Dopo i saluti e l’introduzione dei lavori di Geronimo La Russa, Presidente di Automobile Club Milano, nei tre panel relatori qualificati hanno sviluppato altrettanti filoni di discussione con Umberto Zapelloni, curatore del ‘Foglio Mobilità’ e con i giornalisti del ‘Foglio quotidiano’. ‘La certezza di come ci muoveremo nei prossimi anni non ce l’ho – afferma Geronimo La Russa, presidente di Automobile Club Milano – però ho una convinzione: l’auto sarà ancora per lungo tempo protagonista perché è uno strumento di libertà che non può essere ingabbiato in scenari ideologici o improvvisati. La mobilità è importante, è un diritto di tutti e va gestita con attenzione e correttezza nel rispetto delle regole’.
Nel primo panel ‘Quale futuro ci aspetta tra elettrico, ibrido e termico’ il dibattito si è incentrato su come cambierà il nostro rapporto con le auto e con i mezzi di trasporto.
Michele Crisci – Presidente e Amministratore delegato di Volvo Car Italia, sottolinea: ‘L’elettrificazione è per Volvo una scelta, come la sicurezza. Già nel 2019 abbiamo annunciato che tutte le future Volvo sarebbero state elettrificate. Dal 2030 in avanti produrremo solo elettriche.

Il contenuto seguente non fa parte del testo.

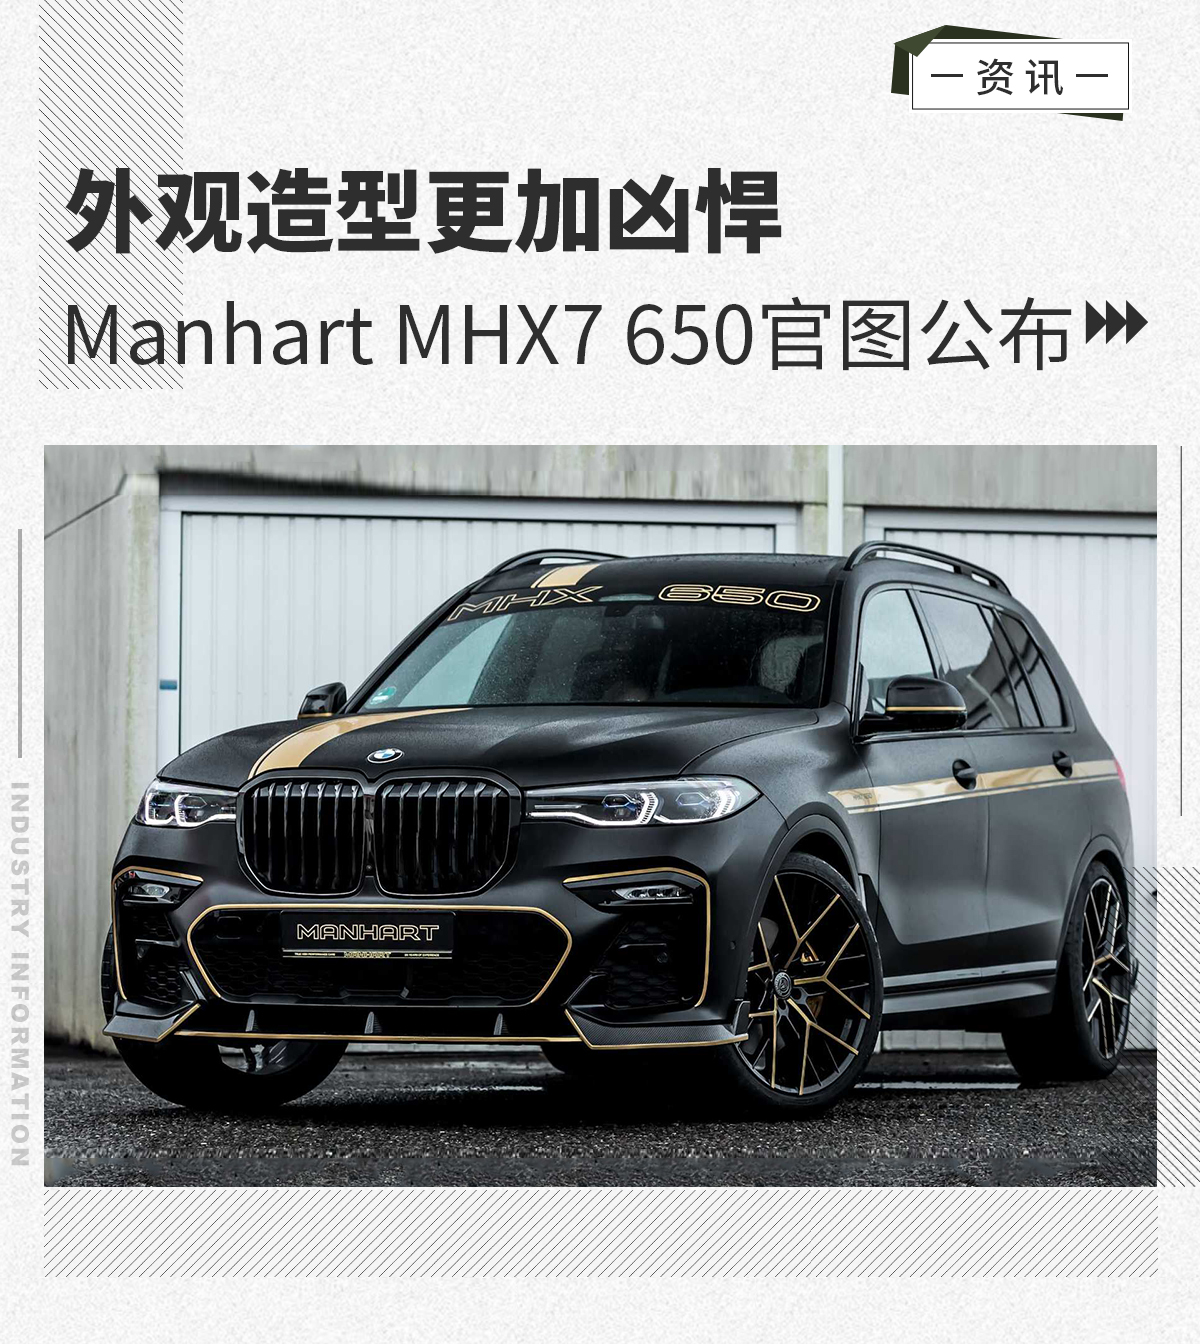 外观造型更加凶悍 Manhart MHX7 650官图公布

Ma il nostro concetto di sostenibilità va oltre la motorizzazione delle vetture. È un impegno a 360 gradi: dai fornitori alle concessionarie. Nel mondo i trasporti sono integrati. Nei prossimi anni si andrà da Milano a New York in poche ore, i treni saranno sempre più veloci e mi immagino che se sarai un cliente Volvo ne avrai una a disposizione ovunque. Questa trasformazione è un’opportunità per tutti noi. Mi immagino le grandi città europee che riusciranno a distinguere l’uso massiccio delle auto nelle città in cui esisterà solo lo sharing mentre tra varie città le connessioni saranno differenti’.

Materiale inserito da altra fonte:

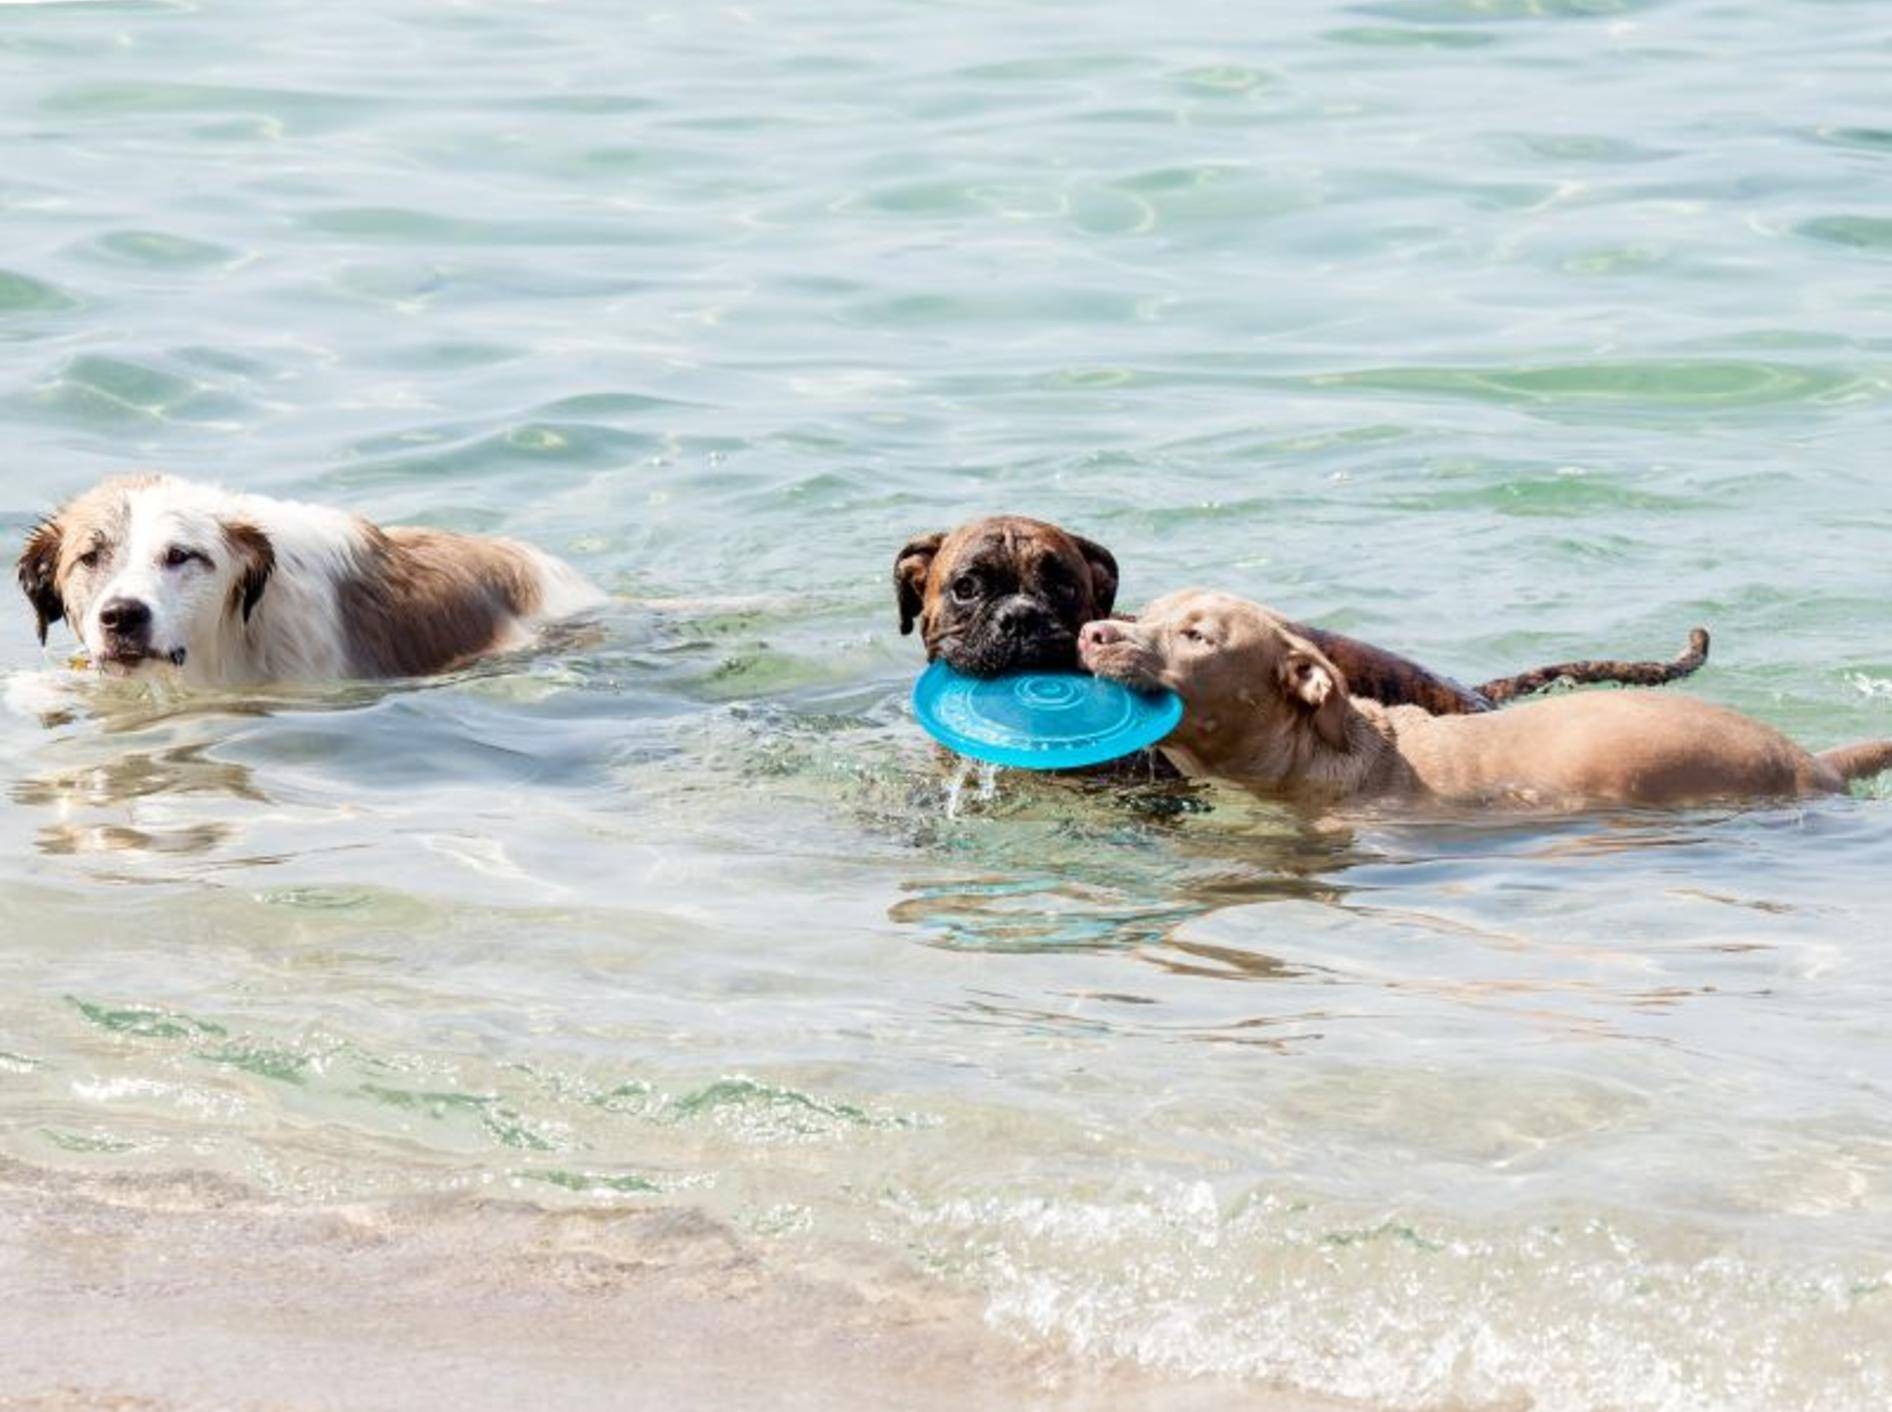 Hundespielzeug, das schwimmen kann – Bild: Shutterstock / maratr

Giuseppe Mazzara – Marketing Communication & CRM Director di Kia Italia sottolinea: ‘Su 4,3 milioni di vetture elettrificate Kia vendite nel 2030, 1,6 milioni saranno full electric.
Le infrastrutture non offrono ancora la piena sicurezza per la scelta 100% elettrica.
Anche trovando la colonnina, la procedura di ricarica rischia di essere complesso e poco fluido. Per questo a ottobre lanceremo Kia Plug&Charge, un servizio che consente ai nostri clienti EV9 di ricaricare alle stazioni pubbliche senza complicazioni.Il futuro della mobilità è una grande opportunità per tutti. Mettendomi nei panni del cliente finale io vedo uno scenario molto pulito, molto sostenibile per l’ambiente, silenzioso e interconnesso. Le auto diventeranno come un cellulare e comunicheranno tra loro, consentendo al conducente di usufruire della guida autonoma e ammirare tutto ciò che lo circonda’.
‘Con ‘Guido la scelta’ abbiamo pensato a una start up per veicolare al cliente una comunicazione corretta riguardo l’acquisto dell’auto – afferma Angelo Simone – CEO di Guido LaScelta – . Cosa succederà tra tre anni all’auto di oggi. Le informazioni sono numerose e la paura di svalutazione è alta. Abbiamo pensato di intercettare questi bisogni di informazioni e di rassicurazioni. Sino a quando il cliente vedrà l’elettrico come imposto la vedo dura, soprattutto per chi viene da località in cui mancano le infrastrutture’.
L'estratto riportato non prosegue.